§ Exercise goal
Everything from the line that contains "Pershal Condensed Bold Italic image" through the last line below should be transcribed exactly, except the pictures.

§ Material provided
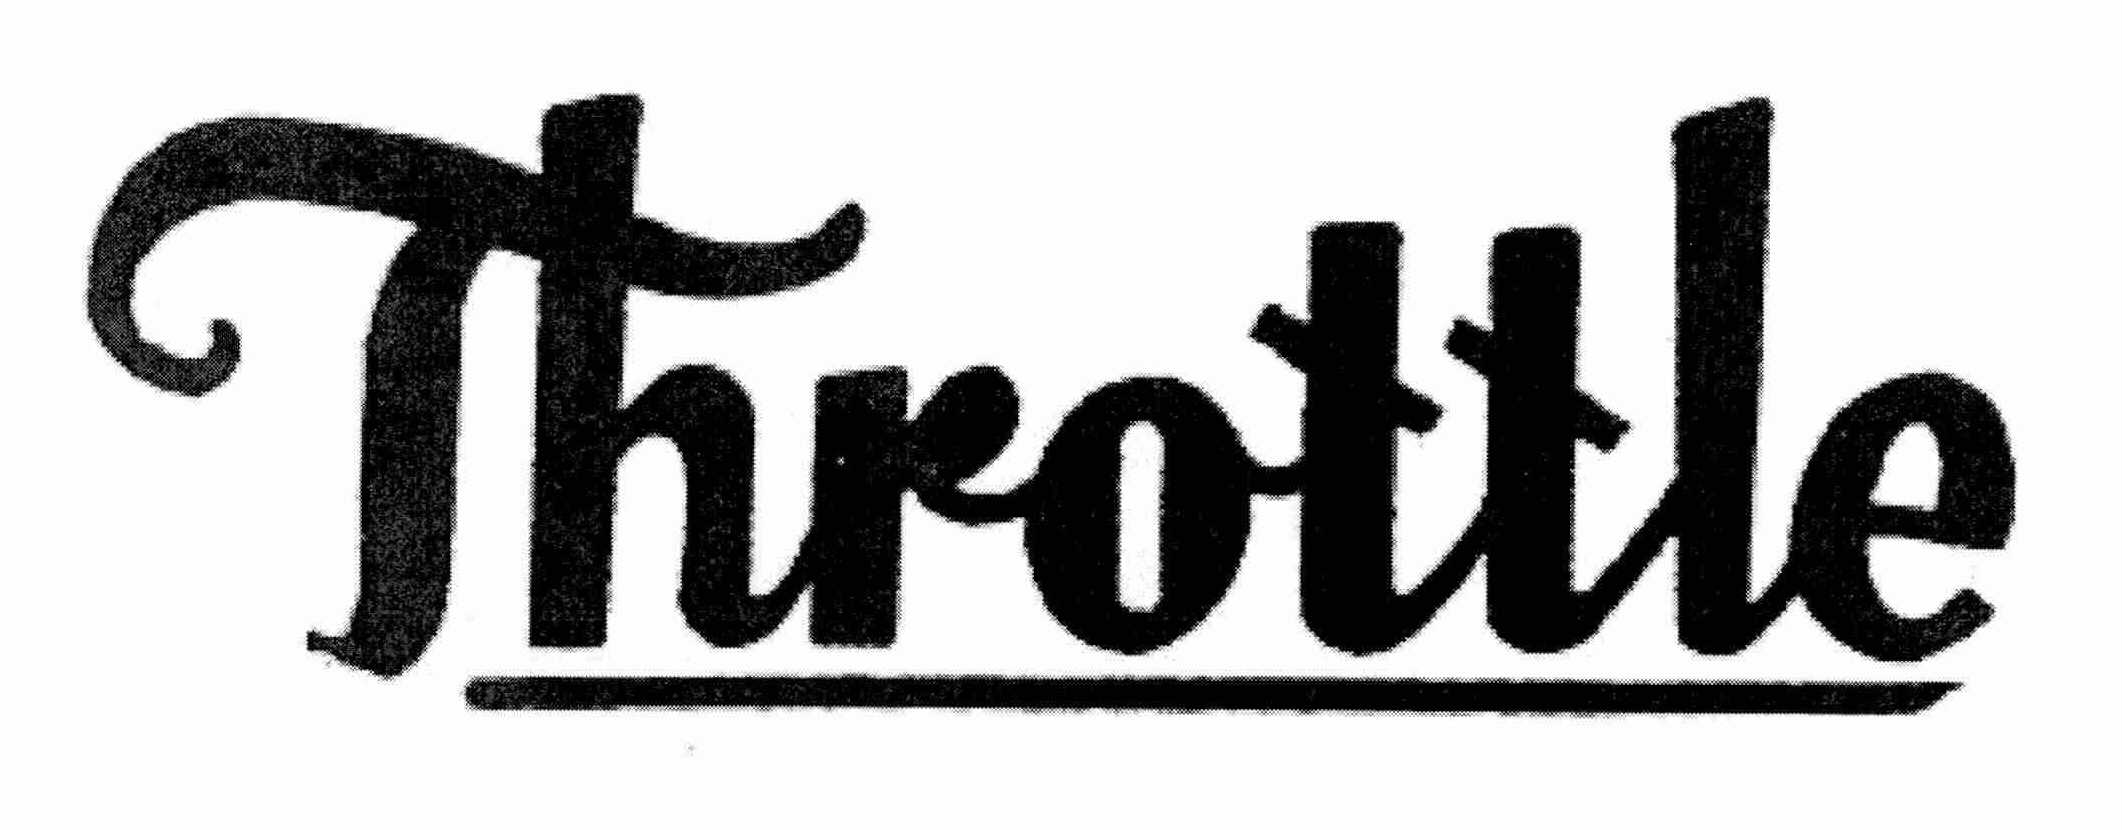 Trademark Logo THROTTLE
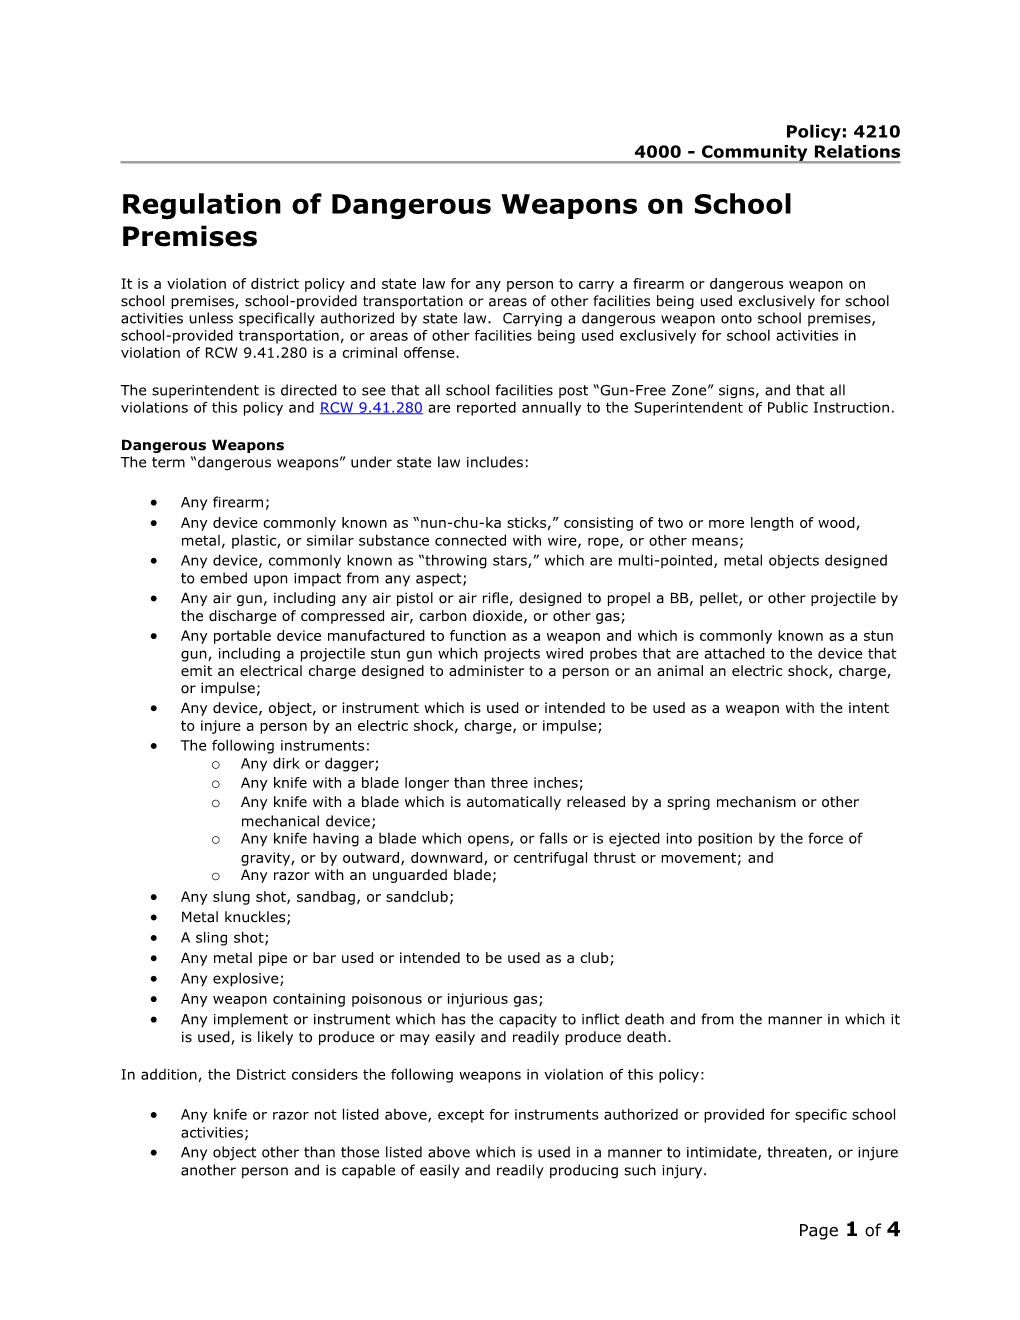 Regulation of Dangerous Weapons on School Premises
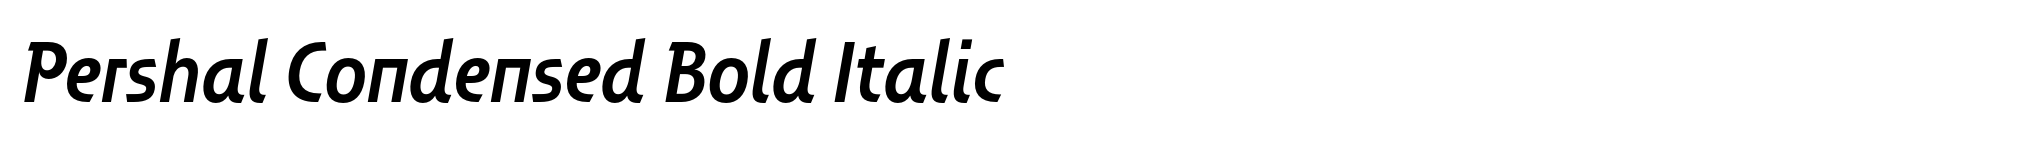 Pershal Condensed Bold Italic image
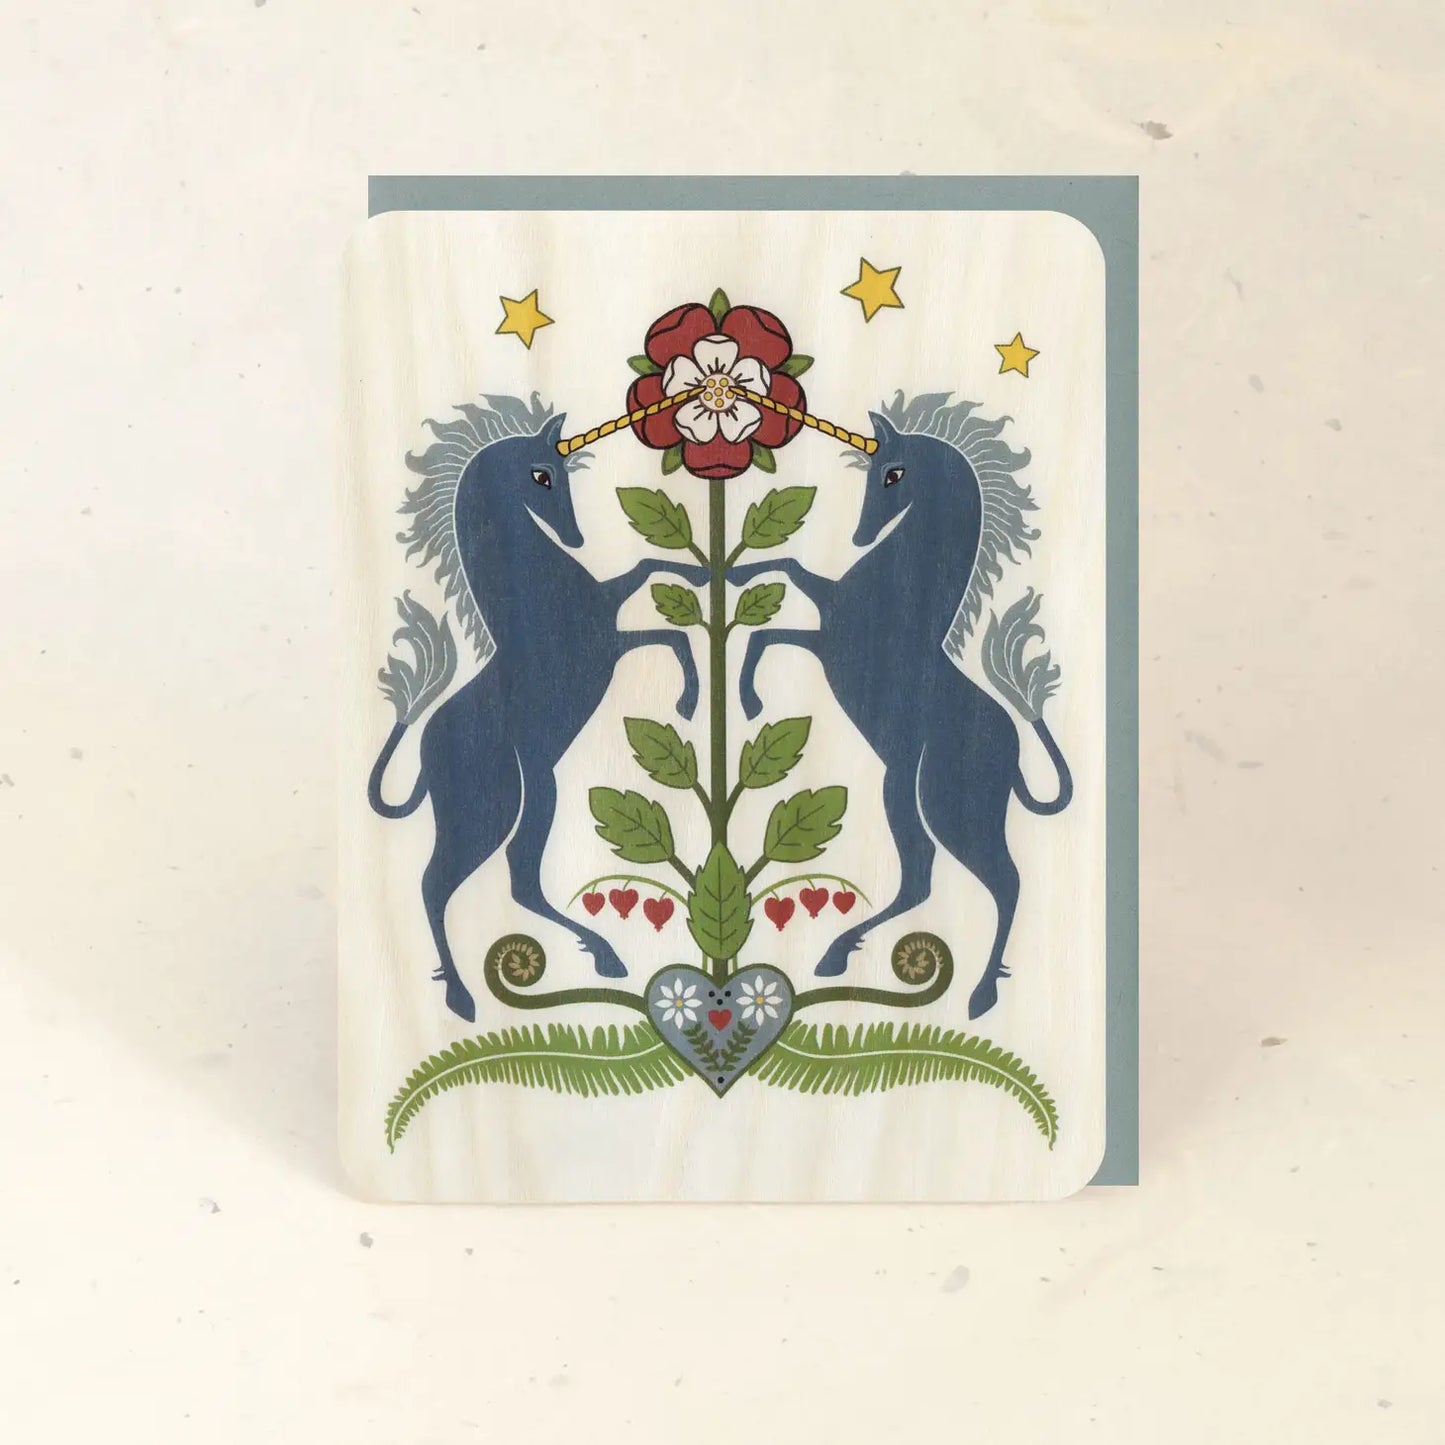 Wood Veneer Greeting Cards by Little Gold Fox Designs

§ Problem solution
 Pershal Condensed Bold Italic image
 Wood Veneer Greeting Cards by Little Gold Fox Designs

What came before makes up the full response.